Weekend Argus (Saturday Edition)
Social grants ‘may not be paid’
SEVENTEEN million of the country’s most vulnerable citizens fear that their social grants may be cut in six months.
From April 1, the SA Social Security Agency (Sassa) is to take over payment to grant beneficiaries, a function which until now has been outsourced.
But if the agency is ill-prepared to implement this huge task, as some fear, needy residents, including destitute children, the disabled and elderly, would be left without the government stipend .
Exacerbating the matter is the agency’s reluctance to divulge how far it is with the transition.
This week Sassa spokesman Kgomoco Diseko declined to answer any Weekend Argus questions about whether the agency was ready to take over payment of 17 million grants valued at R10 billion.
“The Minister of Social Development ( Bathabile Dlamini) will detail these issues in the announcement she will make during the second week of November,” he said.

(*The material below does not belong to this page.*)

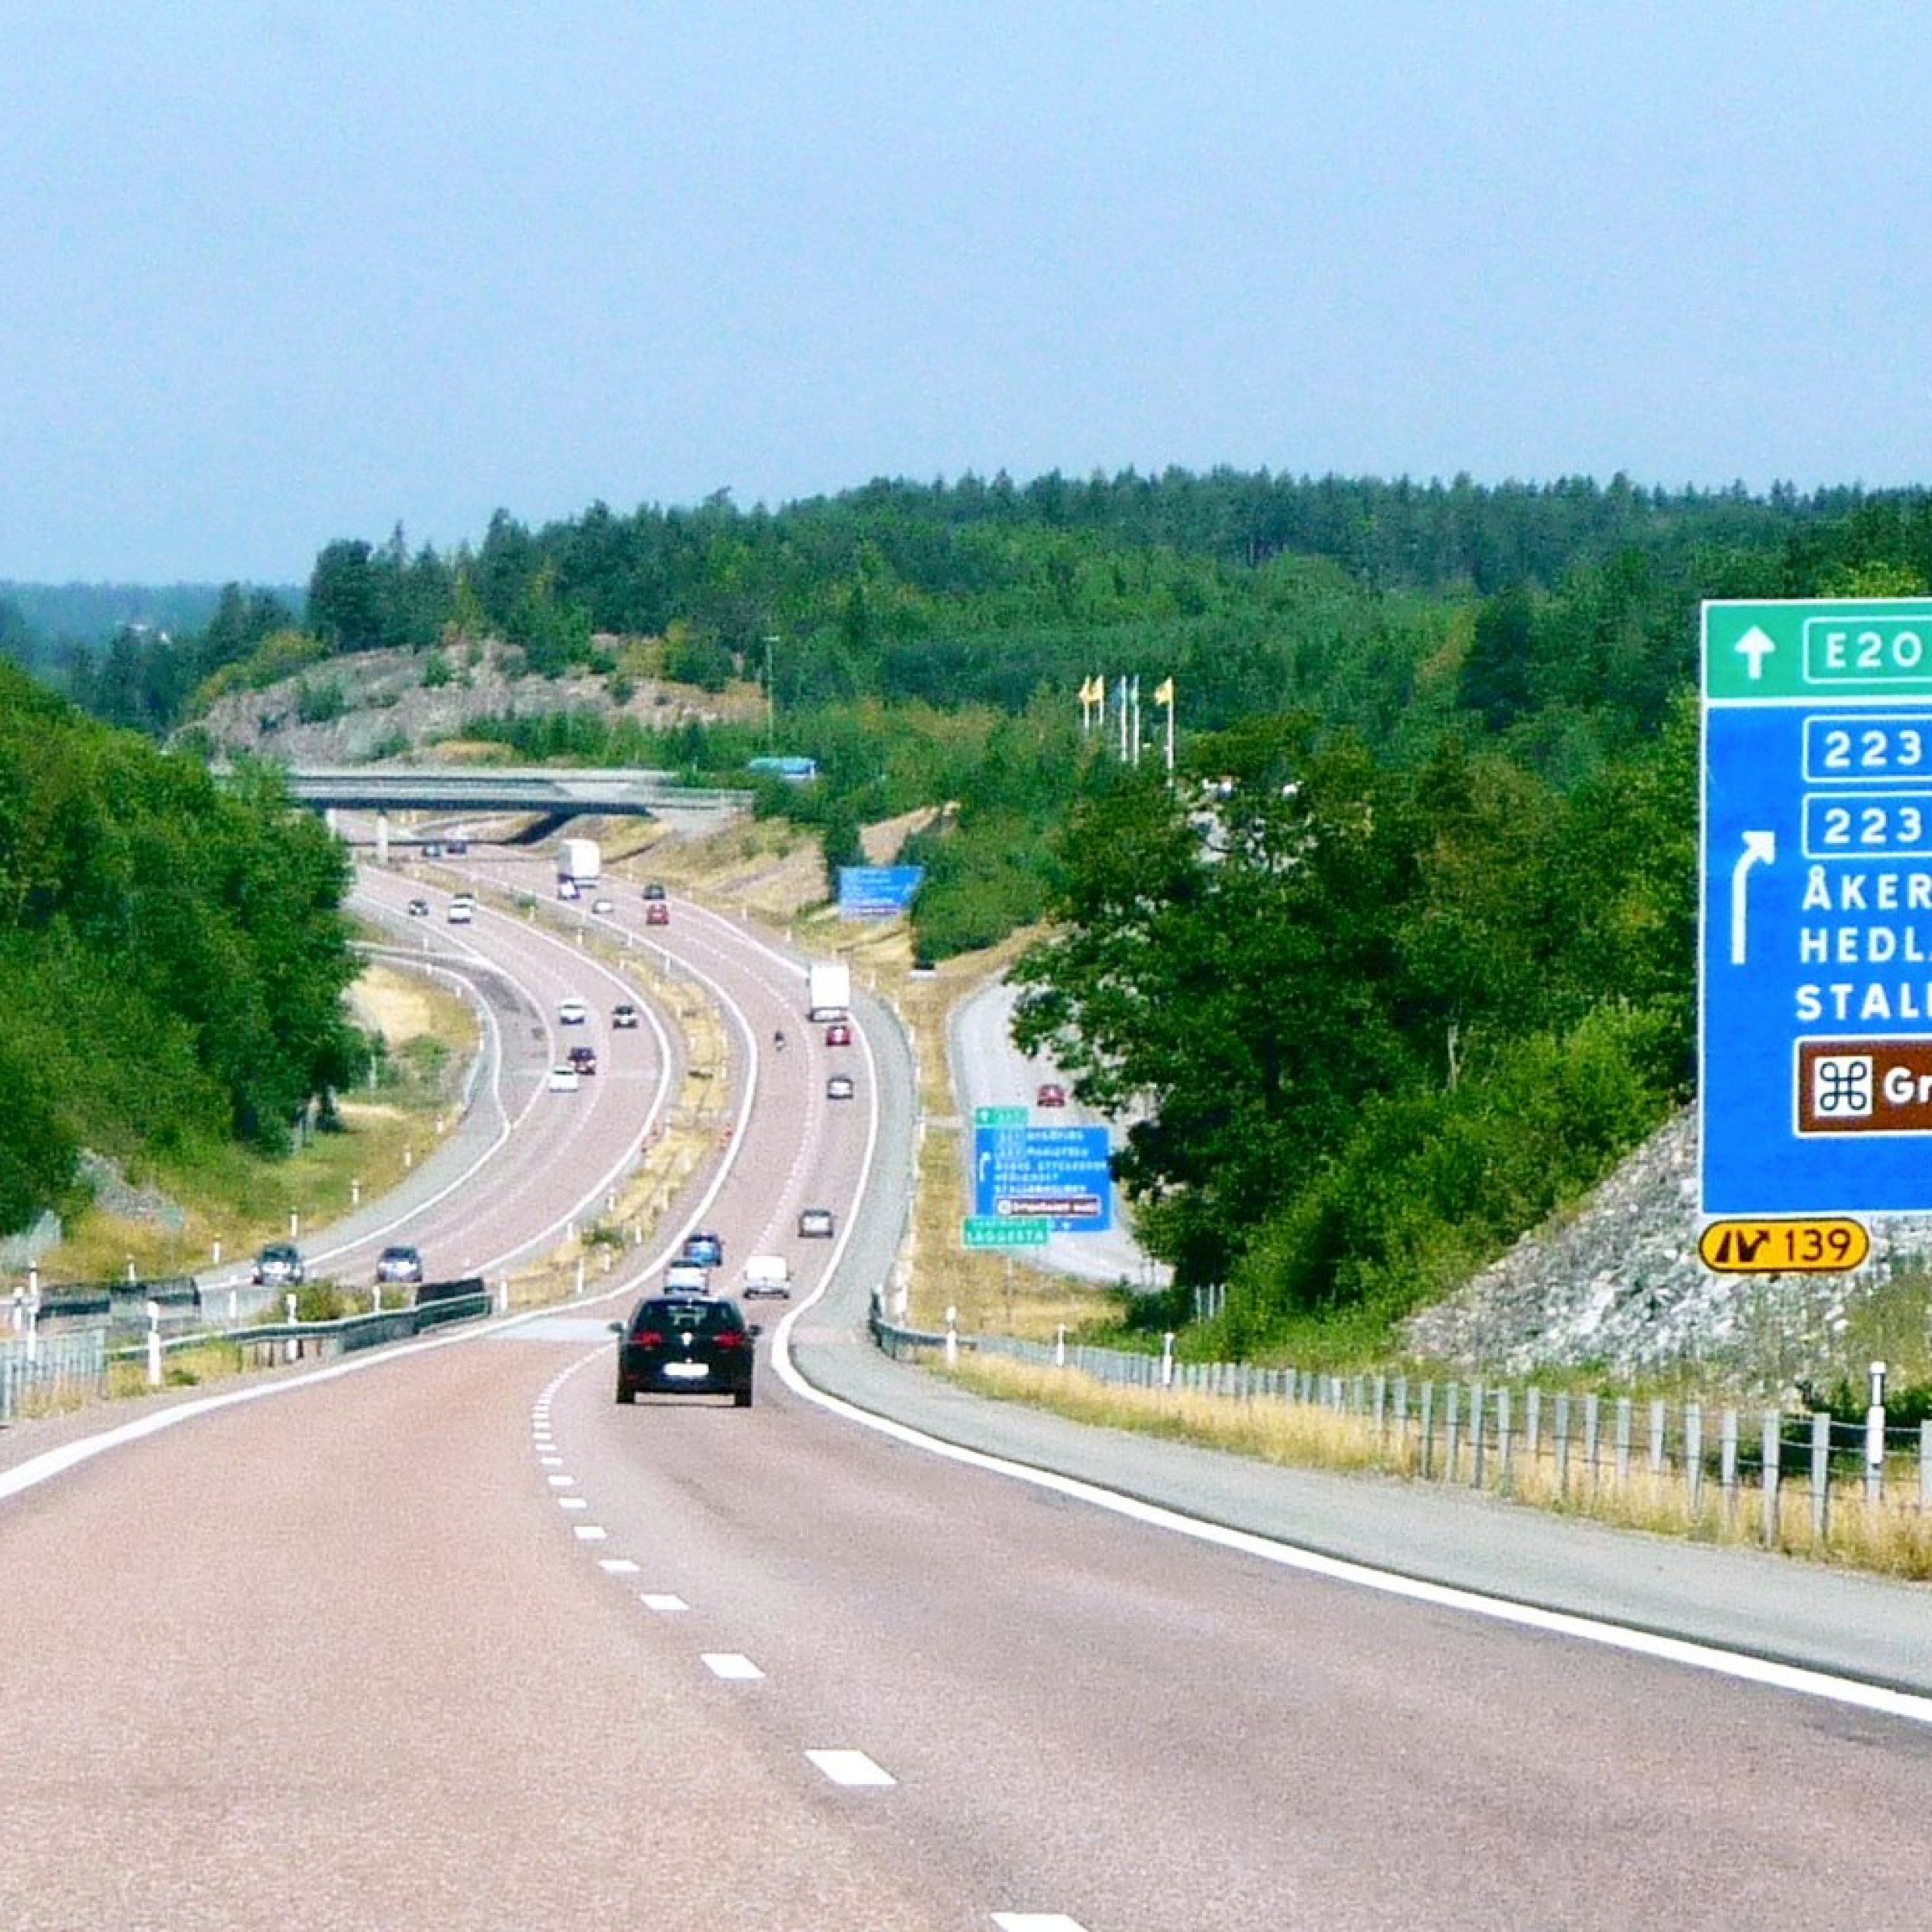 Ödesfrågan: Håller det svenska vägnätet för autonoma bilar?

Sassa is set to become paymaster after years of legal wrangling involving allegations of irregularities and after the Constitutional Court ruled two years ago that a contract with Cash Paymaster Service, the company that pays beneficiaries, was invalid.
Three years ago, in anticipation of the switch-over, a ministerial advisory committee was appointed to work out how Sassa would take over the payments.
But sources say it appears that despite this preparation, the cards that beneficiaries use could become inactive on April 1 as 9 million new beneficiary cards are yet to be created.
There has been no major drive to alert the public to the switch-over.
The new payment system to have been piloted this year does not seem to have been rolled out.
A progress report filed at the Constitutional Court and dated November last year detailed Sassa’s initial plan.
It said developing Sassa’s “in- house capabilities” to manage payments, meant to be carried out between 2013 and this year, had as of last year not yet started.